Observability (agents)

Observability is the capability to understand agent behavior and system state through metrics, logs, traces, and monitoring. In agentic systems, observability enables operators to answer critical questions about what agents are doing, why they're making specific decisions, and how well they're performing their tasks.

Unlike traditional monitoring which focuses on predefined metrics, observability provides the ability to ask arbitrary questions about system behavior without having to anticipate those questions in advance. For autonomous agents that make decisions and take actions with minimal human oversight, comprehensive observability is not optional—it's essential for safe production deployment.

Why It Matters

Observability is fundamental to operating agent systems reliably and safely in production environments:

Debugging Production Issues: When an agent fails or produces unexpected results, observability tools provide the visibility needed to reconstruct what happened. Without detailed traces showing the agent's decision-making process, reasoning steps, and tool invocations, debugging becomes nearly impossible. In production incidents where agents interact with external systems or user data, comprehensive logs and traces are often the only way to understand root causes.

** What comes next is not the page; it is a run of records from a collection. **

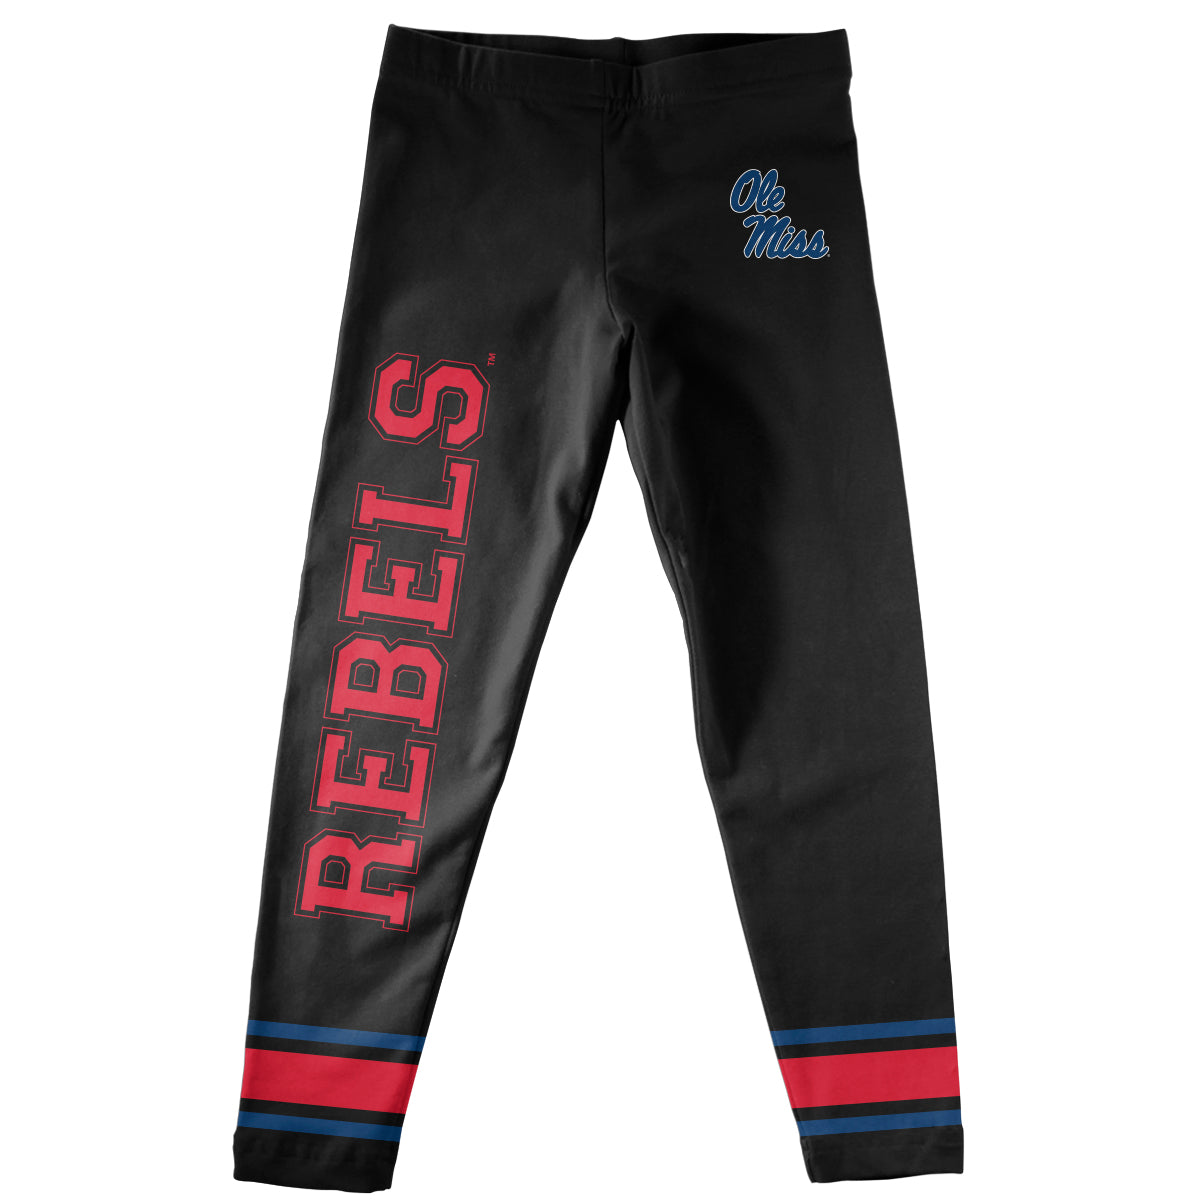 Mississippi Rebels Verbiage And Logo Black Stripes Leggings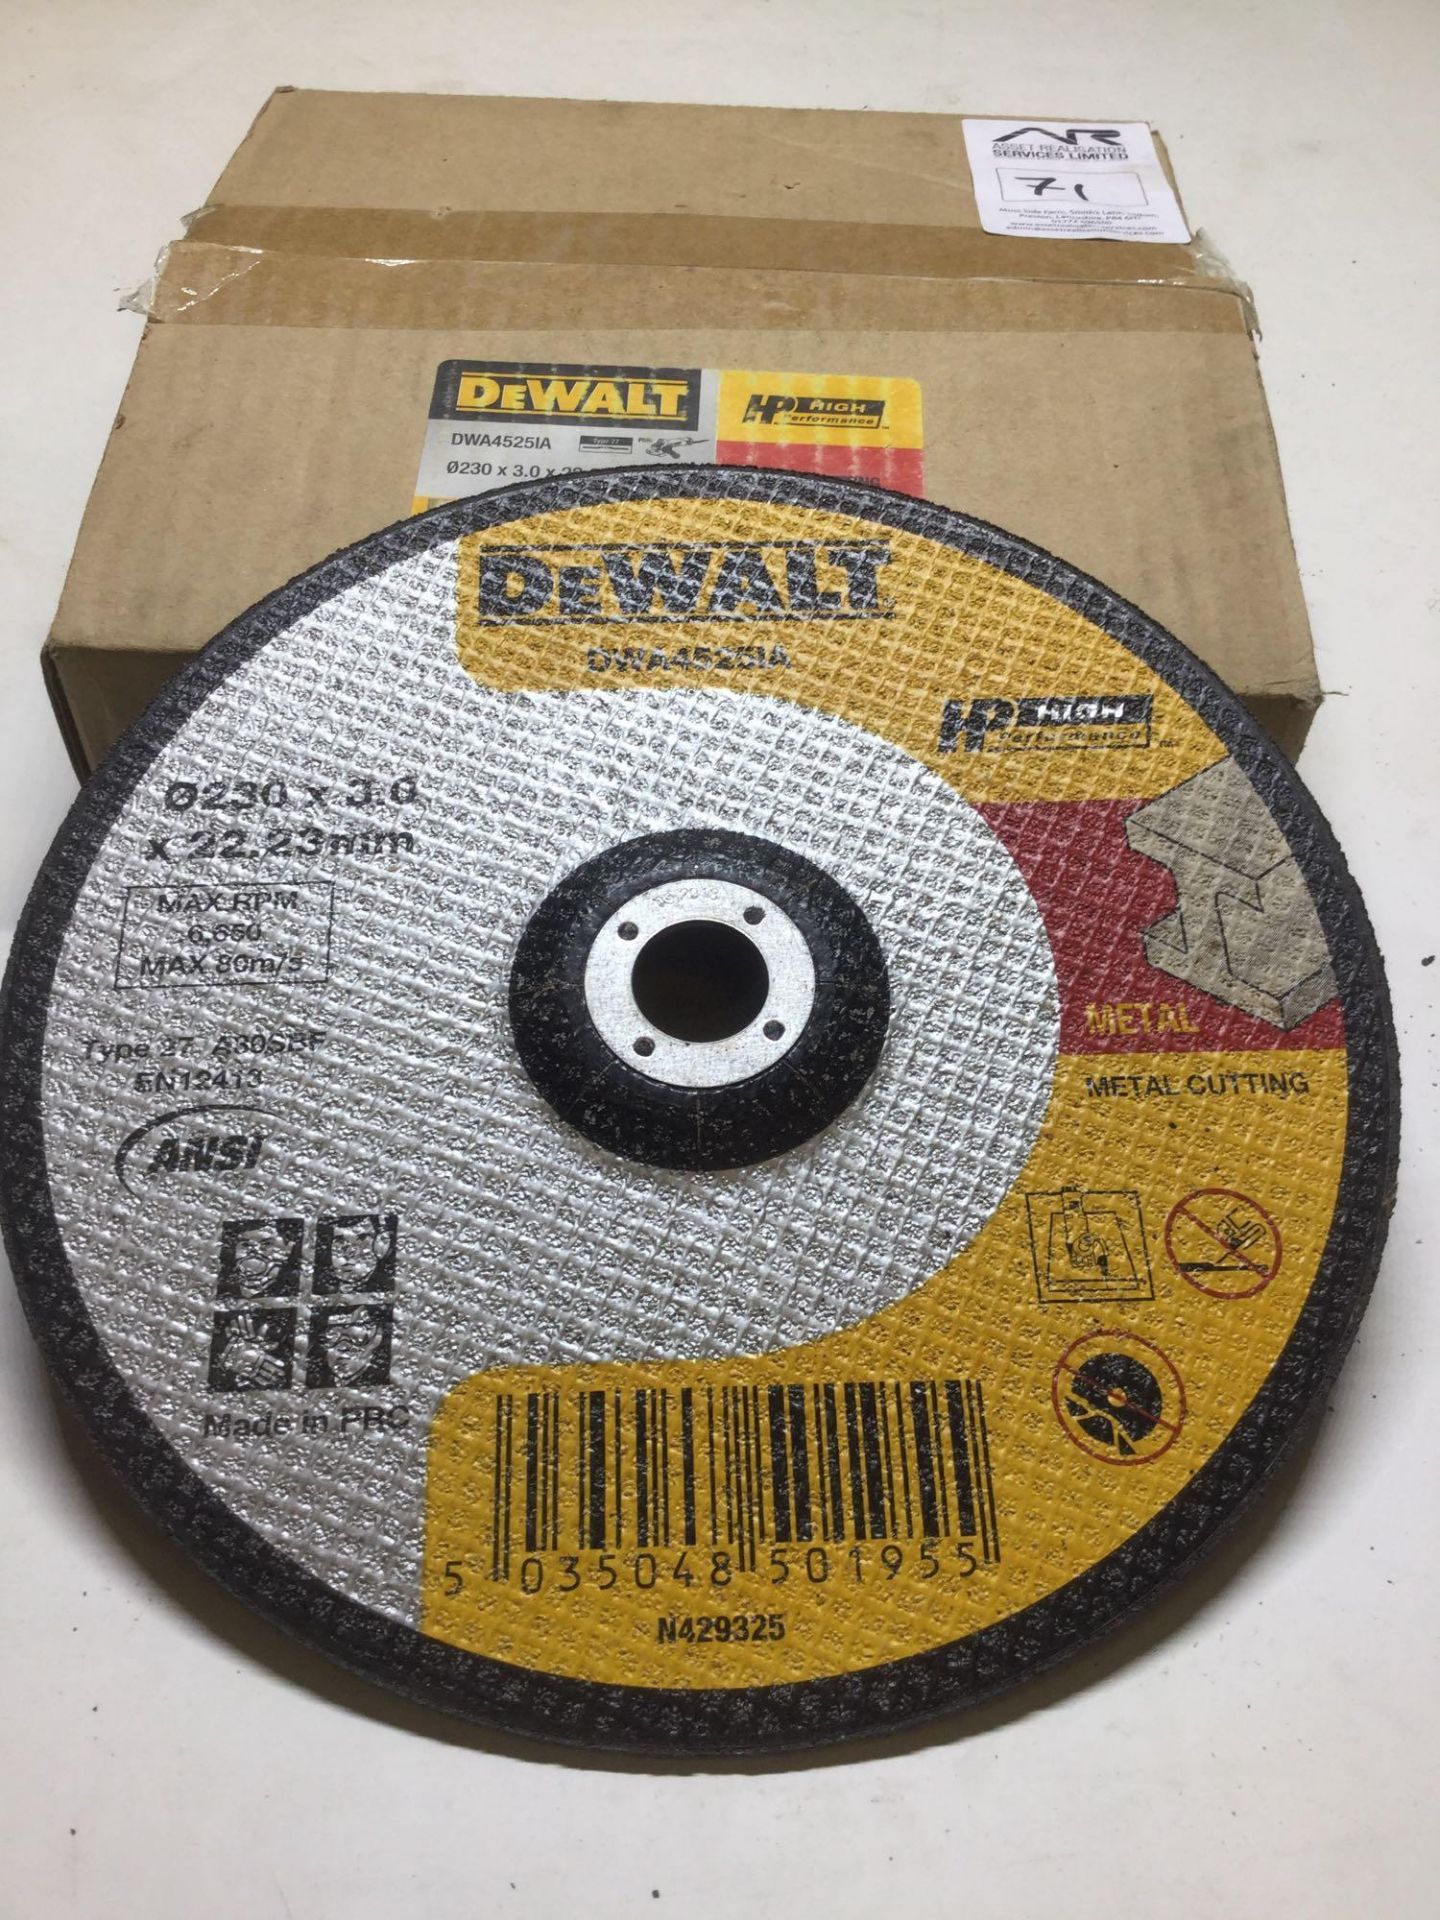 Dewalt 9â€ Metal Cutting Discs x10 per Box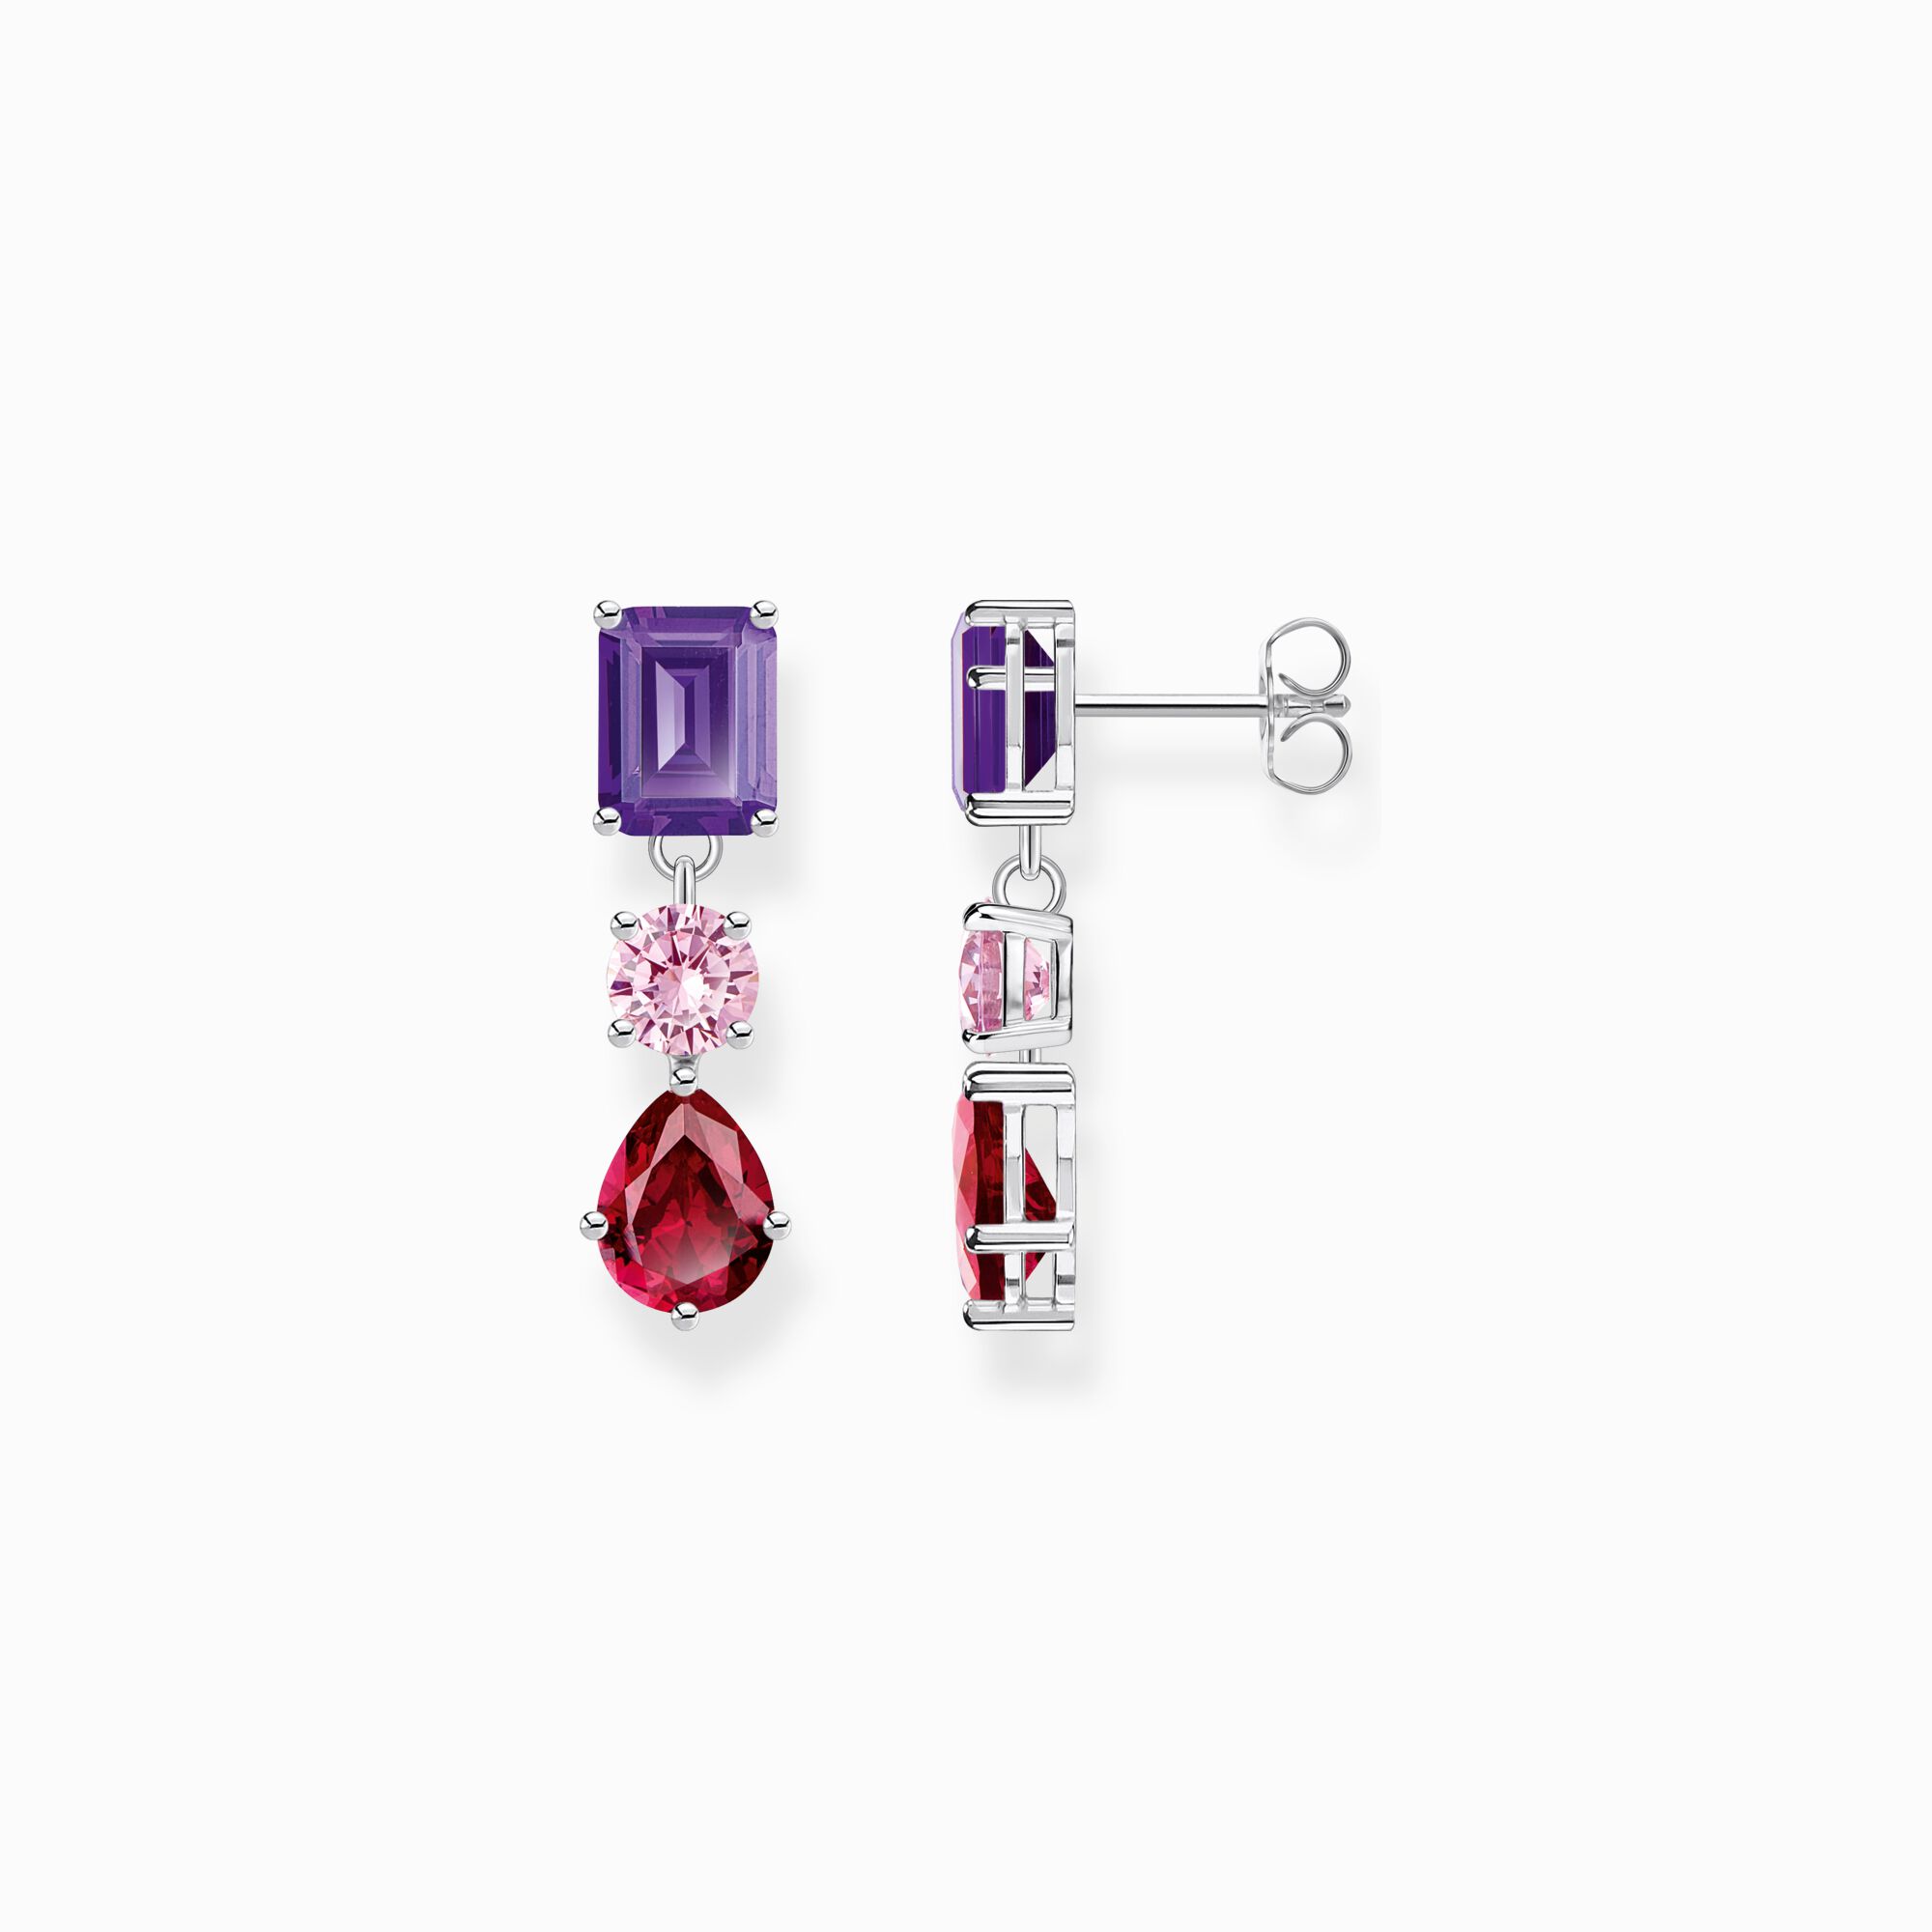 Ohrring mit Steinen in Rot, Rosa und Violett aus der  Kollektion im Online Shop von THOMAS SABO

Performance Optimization: Agents often perform complex multi-step tasks that involve multiple API calls, tool invocations, and reasoning loops. Observability metrics reveal bottlenecks—whether an agent spends most time waiting on external APIs, performing expensive computations, or iterating through retry logic. Distributed tracing shows exactly where latency occurs in agent workflows, enabling targeted optimization efforts.

Understanding Failure Modes: Agents fail in ways that differ from traditional software. They might misinterpret instructions, make incorrect tool choices, produce malformed outputs, or enter infinite loops. Observability data helps identify patterns in these failures: Do certain types of prompts consistently lead to errors? Do specific tool combinations cause issues? Are there environmental conditions that trigger unexpected behavior? Understanding these patterns is crucial for improving agent reliability.

Safety and Compliance: For agents that take autonomous actions—especially those interacting with production systems, financial transactions, or user data—observability provides the audit trail necessary for compliance and security investigations. Every action an agent takes should be traceable back through its decision-making process, with timestamps, inputs, outputs, and context preserved.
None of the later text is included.